> [What you will do]:
Below this line are records; write out exactly the lines from the one containing "Nike Air Max" through the one containing "There Will Be New 2Pac Material Coming Soon", with the pictures left out.

> [Data to examine]:
┌────────
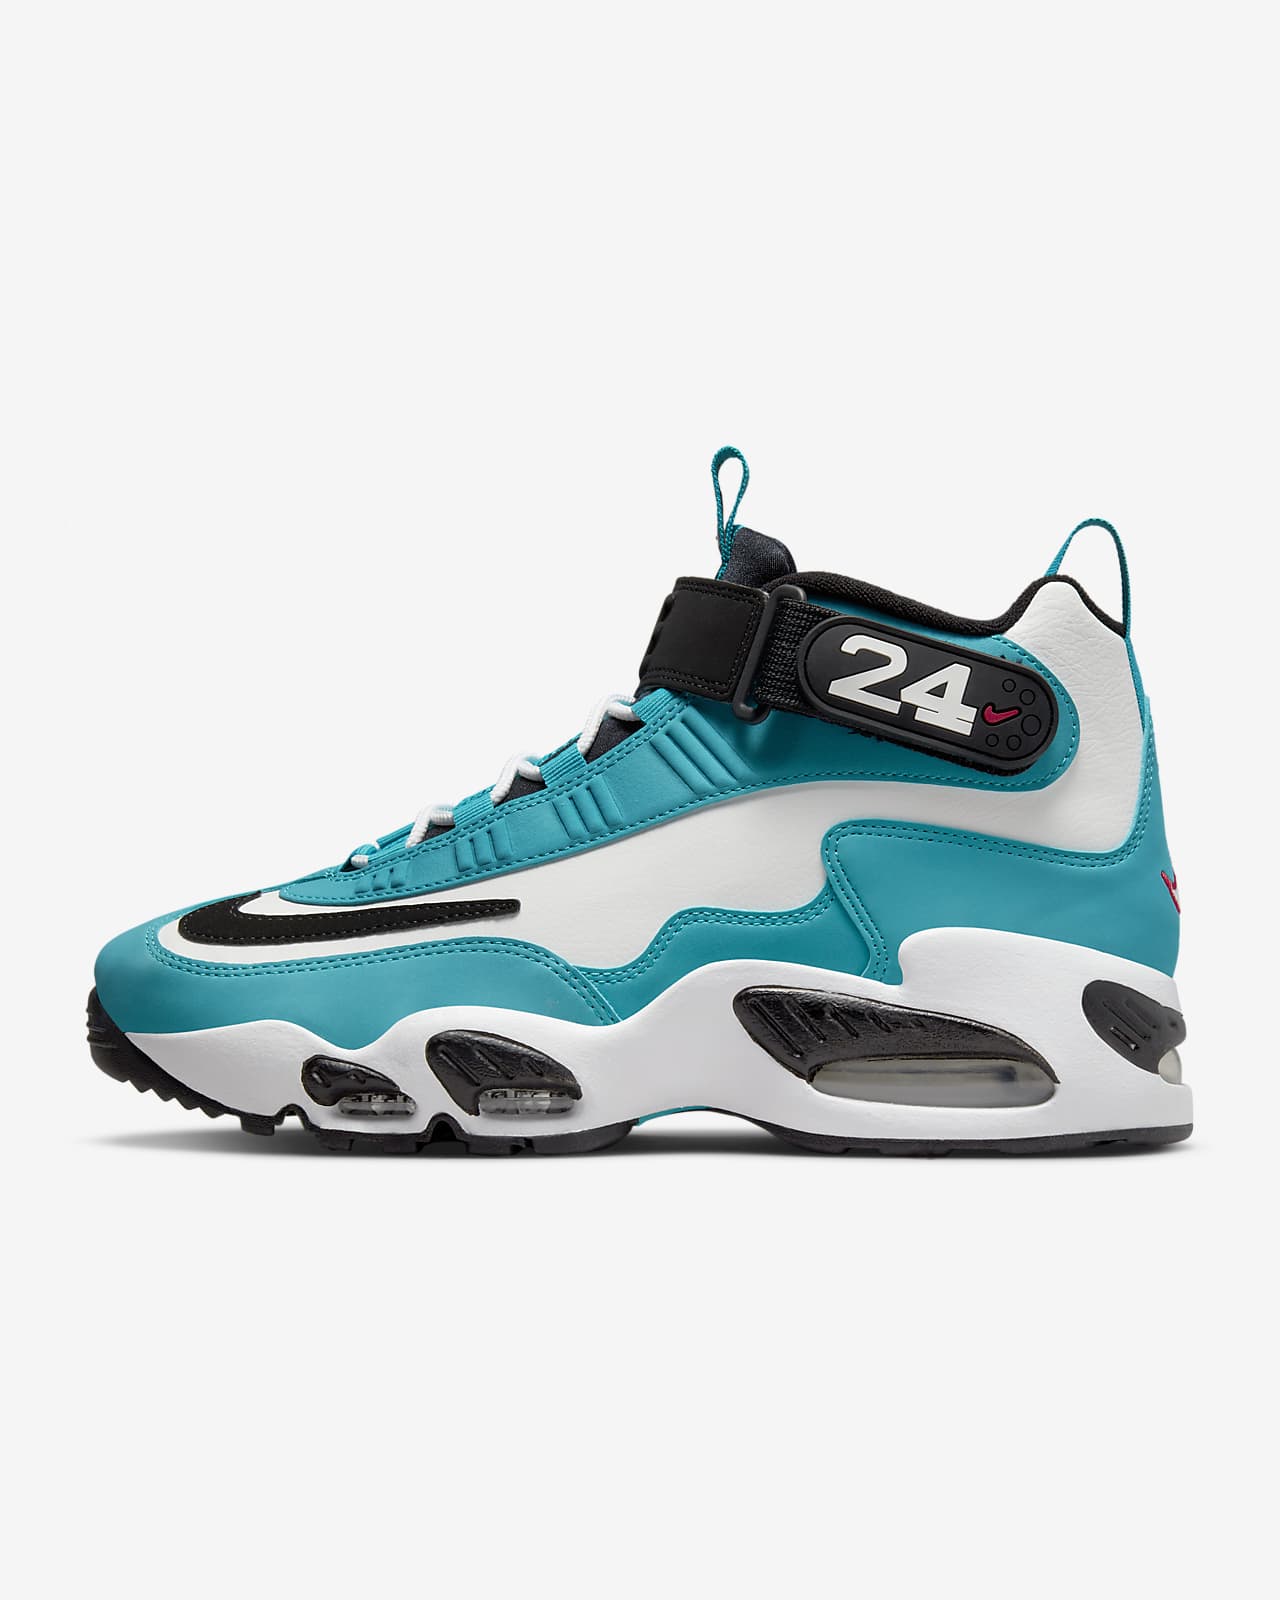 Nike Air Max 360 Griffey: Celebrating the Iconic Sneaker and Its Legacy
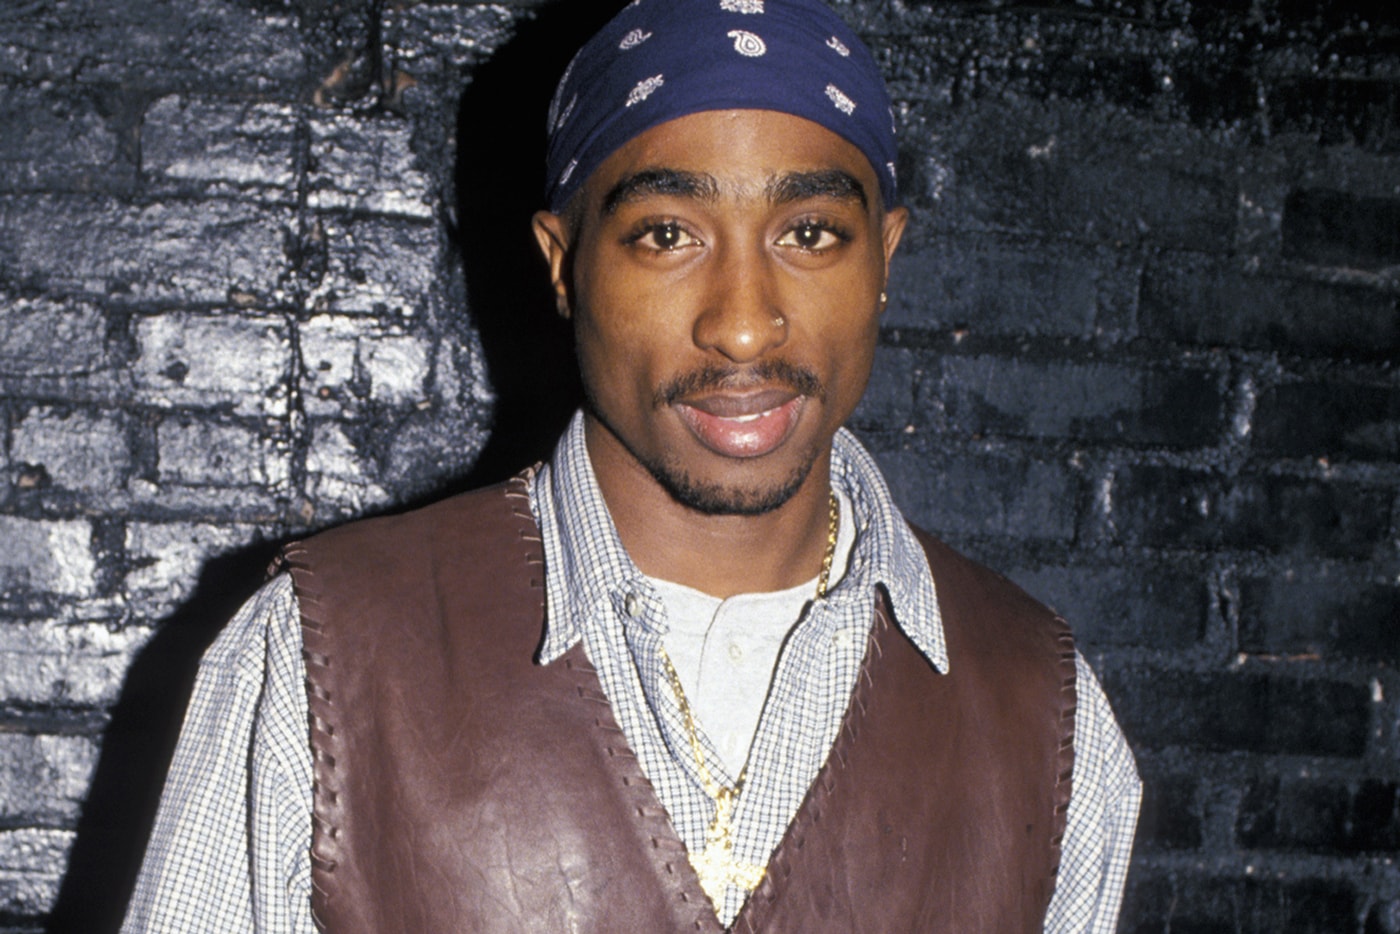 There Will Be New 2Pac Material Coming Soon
└────────
┌────────
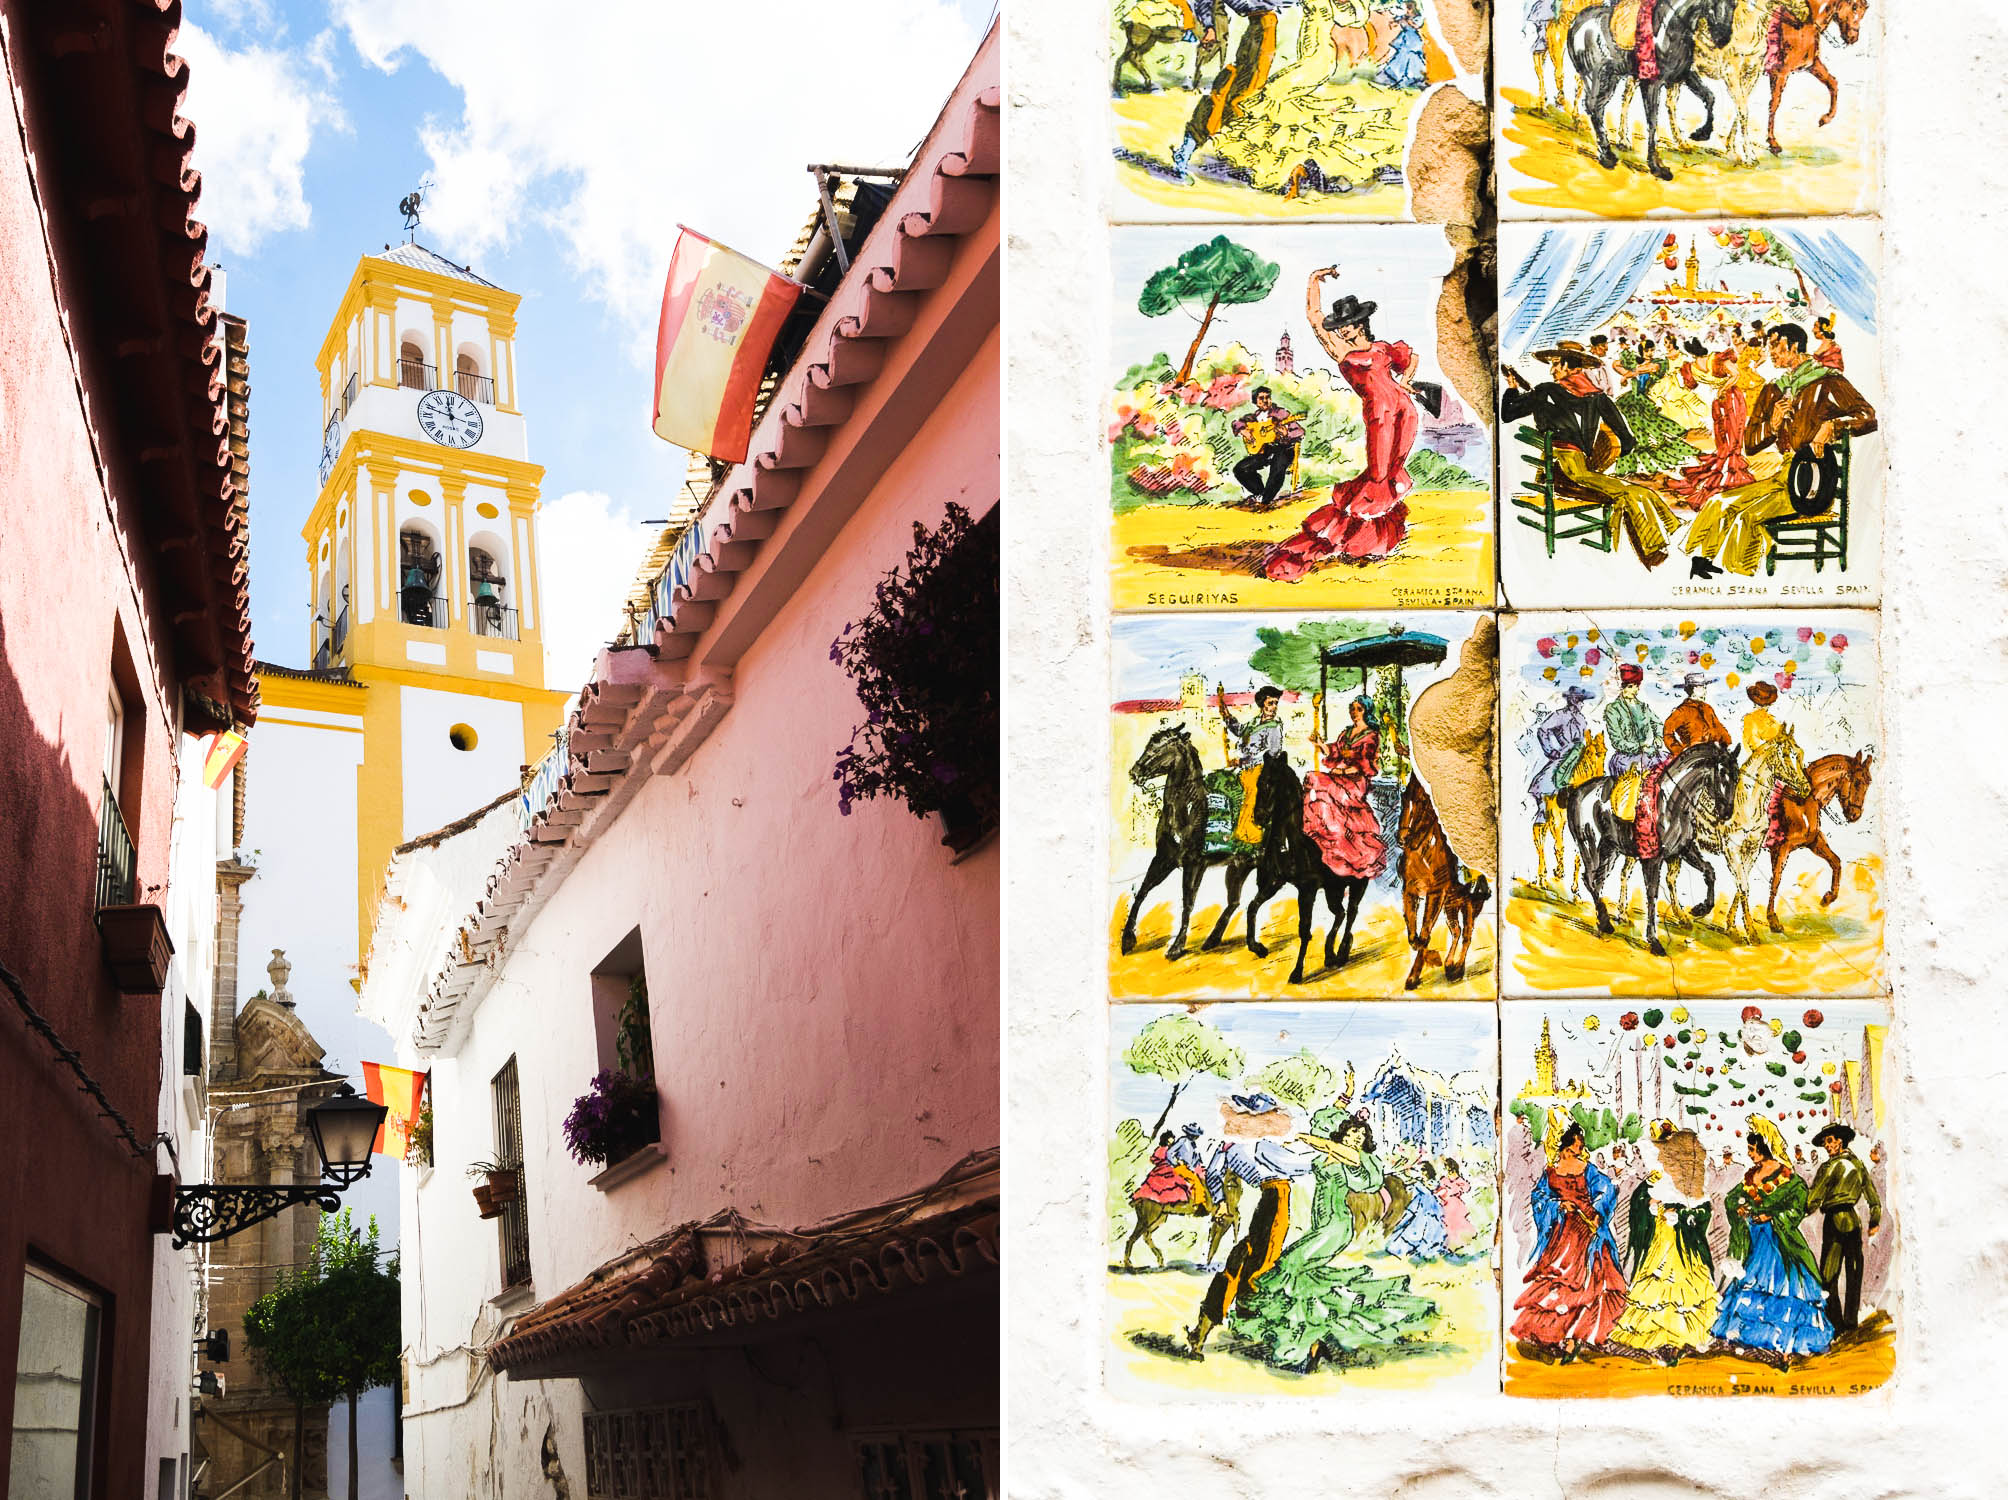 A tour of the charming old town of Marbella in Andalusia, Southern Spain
└────────
┌────────
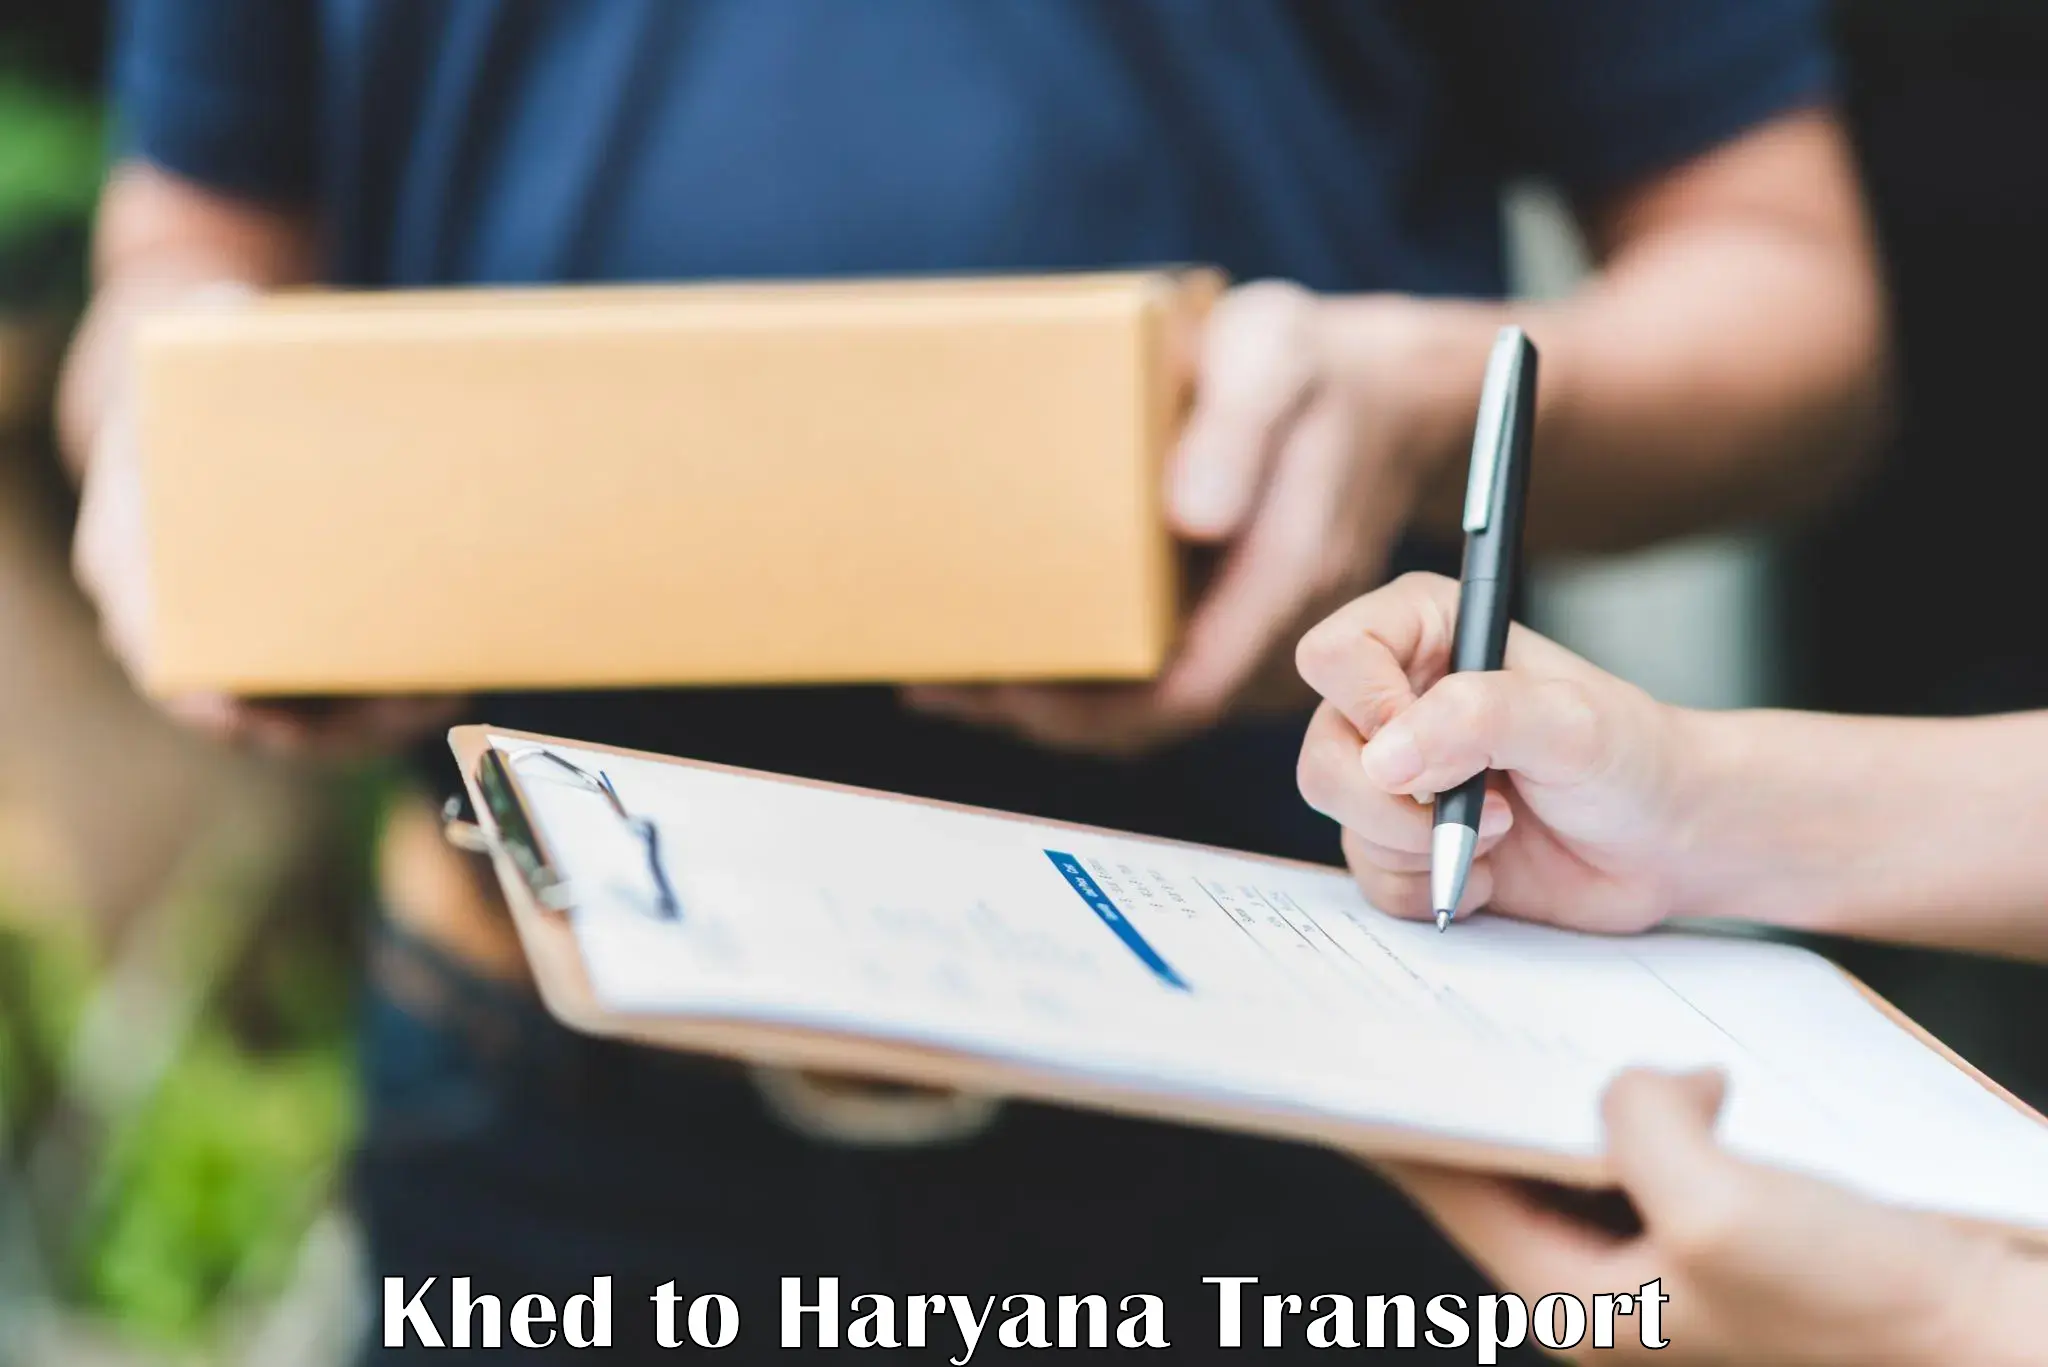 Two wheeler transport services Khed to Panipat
└────────
> [Result below]:
 Nike Air Max 360 Griffey: Celebrating the Iconic Sneaker and Its Legacy
 There Will Be New 2Pac Material Coming Soon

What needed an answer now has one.